= EXERCISE DESCRIPTION =
This exercise requires an exact output of the listing, images omitted.

= DATASET SECTION =
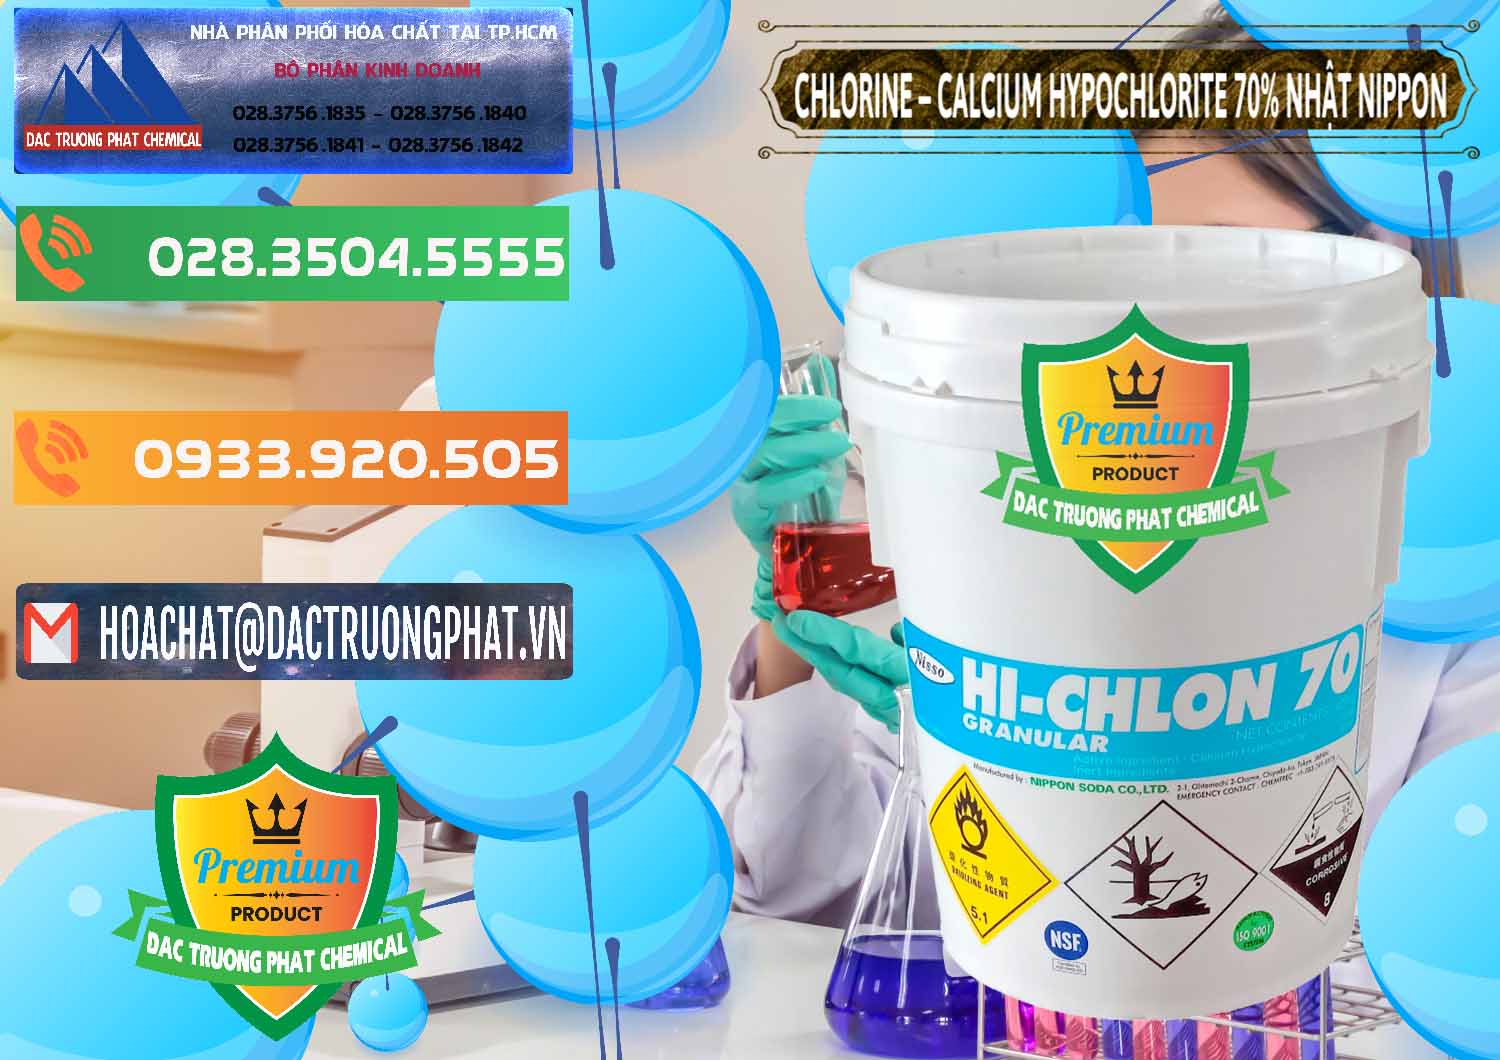 Cty chuyên kinh doanh và bán Clorin – Chlorine 70% Nippon Soda Nhật Bản Japan - 0055 - Cty chuyên kinh doanh - phân phối hóa chất tại TP.HCM - hoachatxulynuoc.com.vn
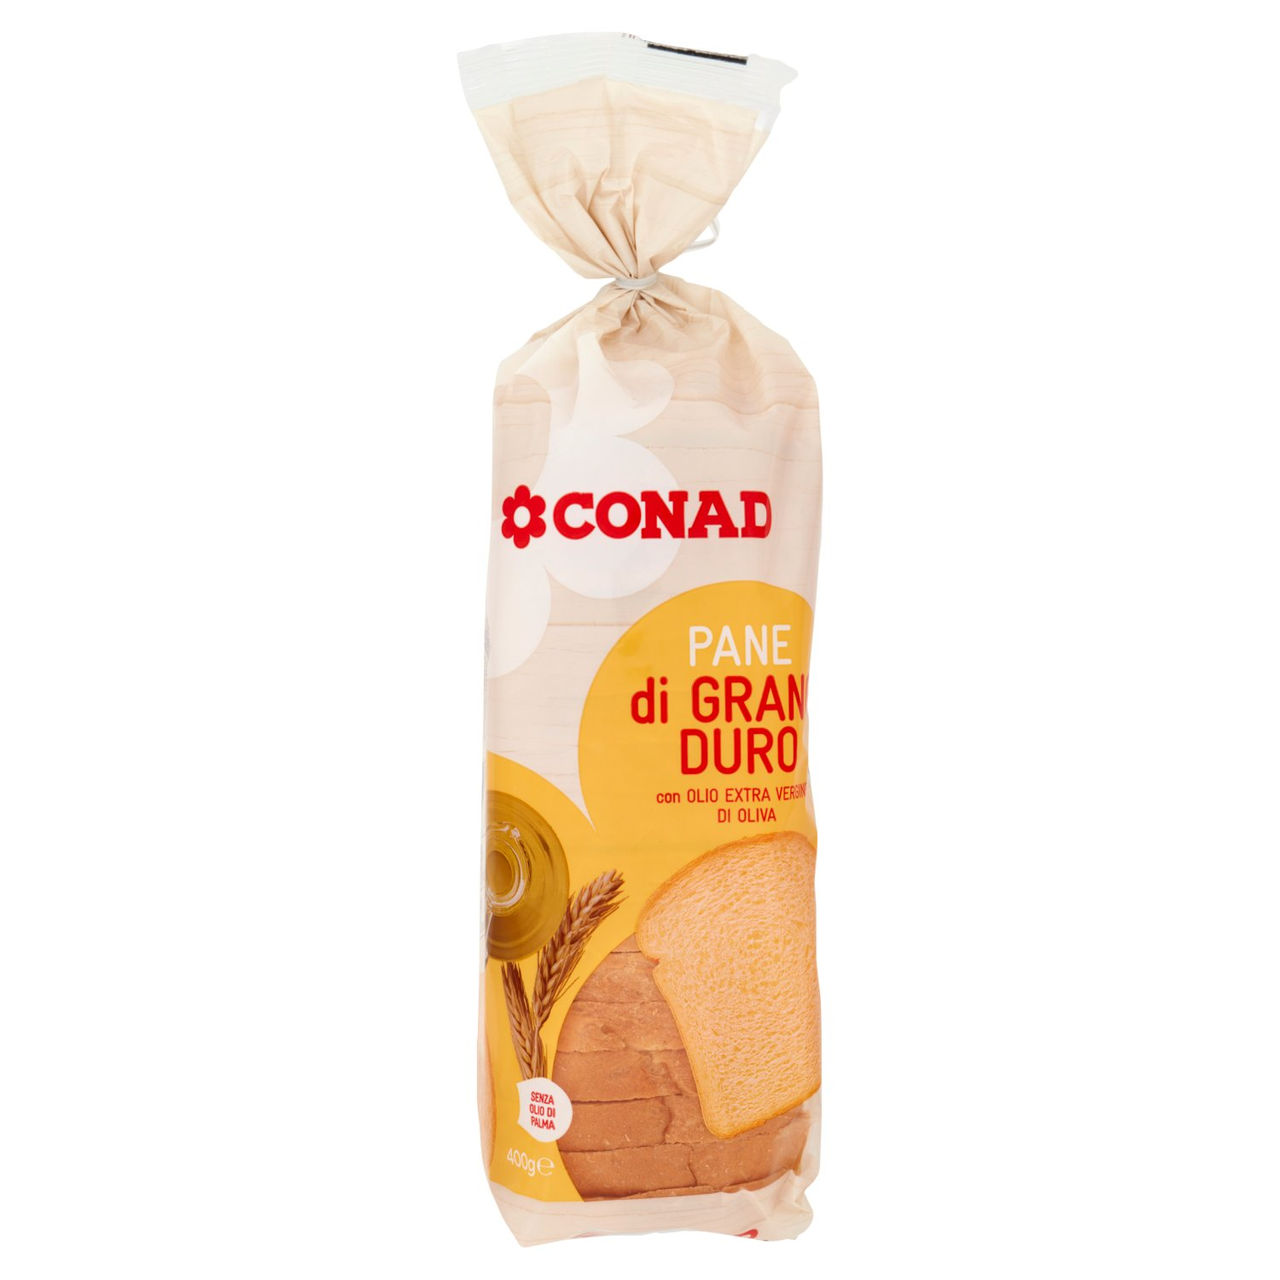 Pane di grano duro con olio EVO Conad
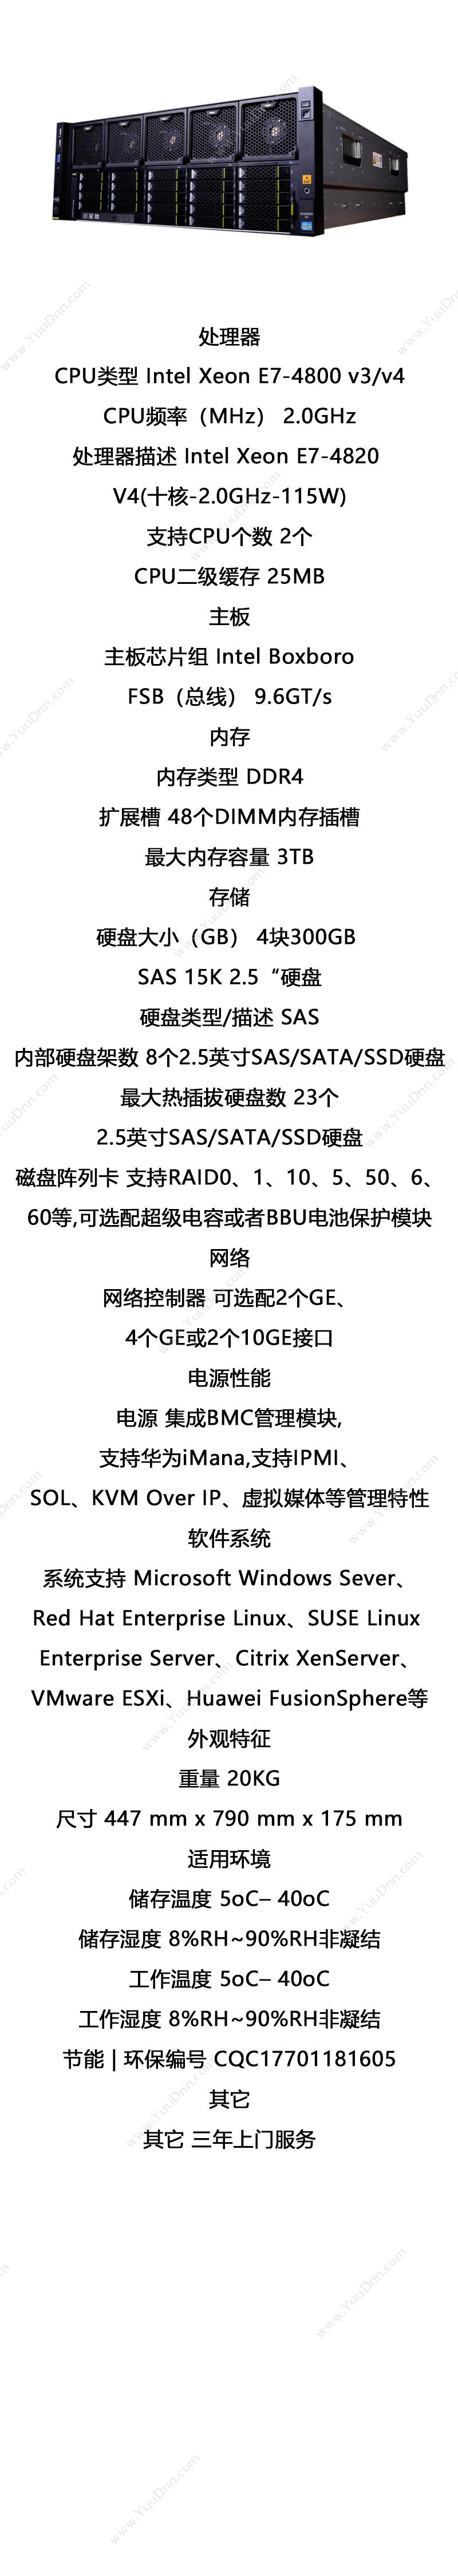 华为 Huawei RH5885 V3 服务器 447 mm x 790 mm x 175 mm 塔式服务器
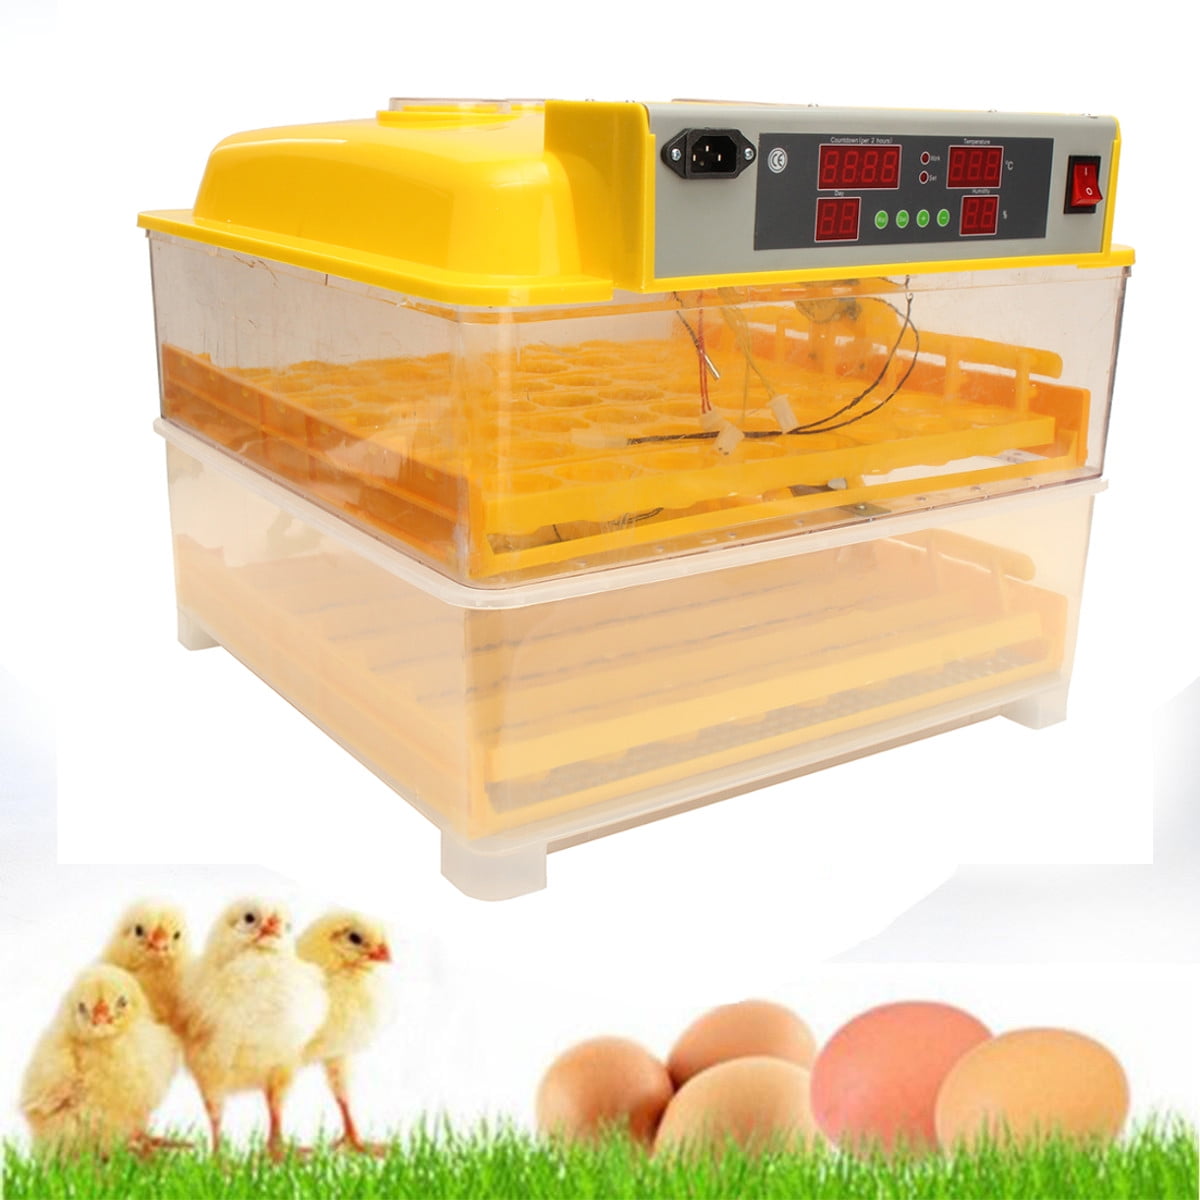 fully automatic egg incubator canada

= RESPONSE AREA =
 Cty chuyên kinh doanh và bán Clorin – Chlorine 70% Nippon Soda Nhật Bản Japan - 0055 - Cty chuyên kinh doanh - phân phối hóa chất tại TP.HCM - hoachatxulynuoc.com.vn
 Pane di grano duro con olio EVO Conad
 华为 Huawei RH5885 V3 服务器 447 mm x 790 mm x 175 mm 塔式服务器
 fully automatic egg incubator canada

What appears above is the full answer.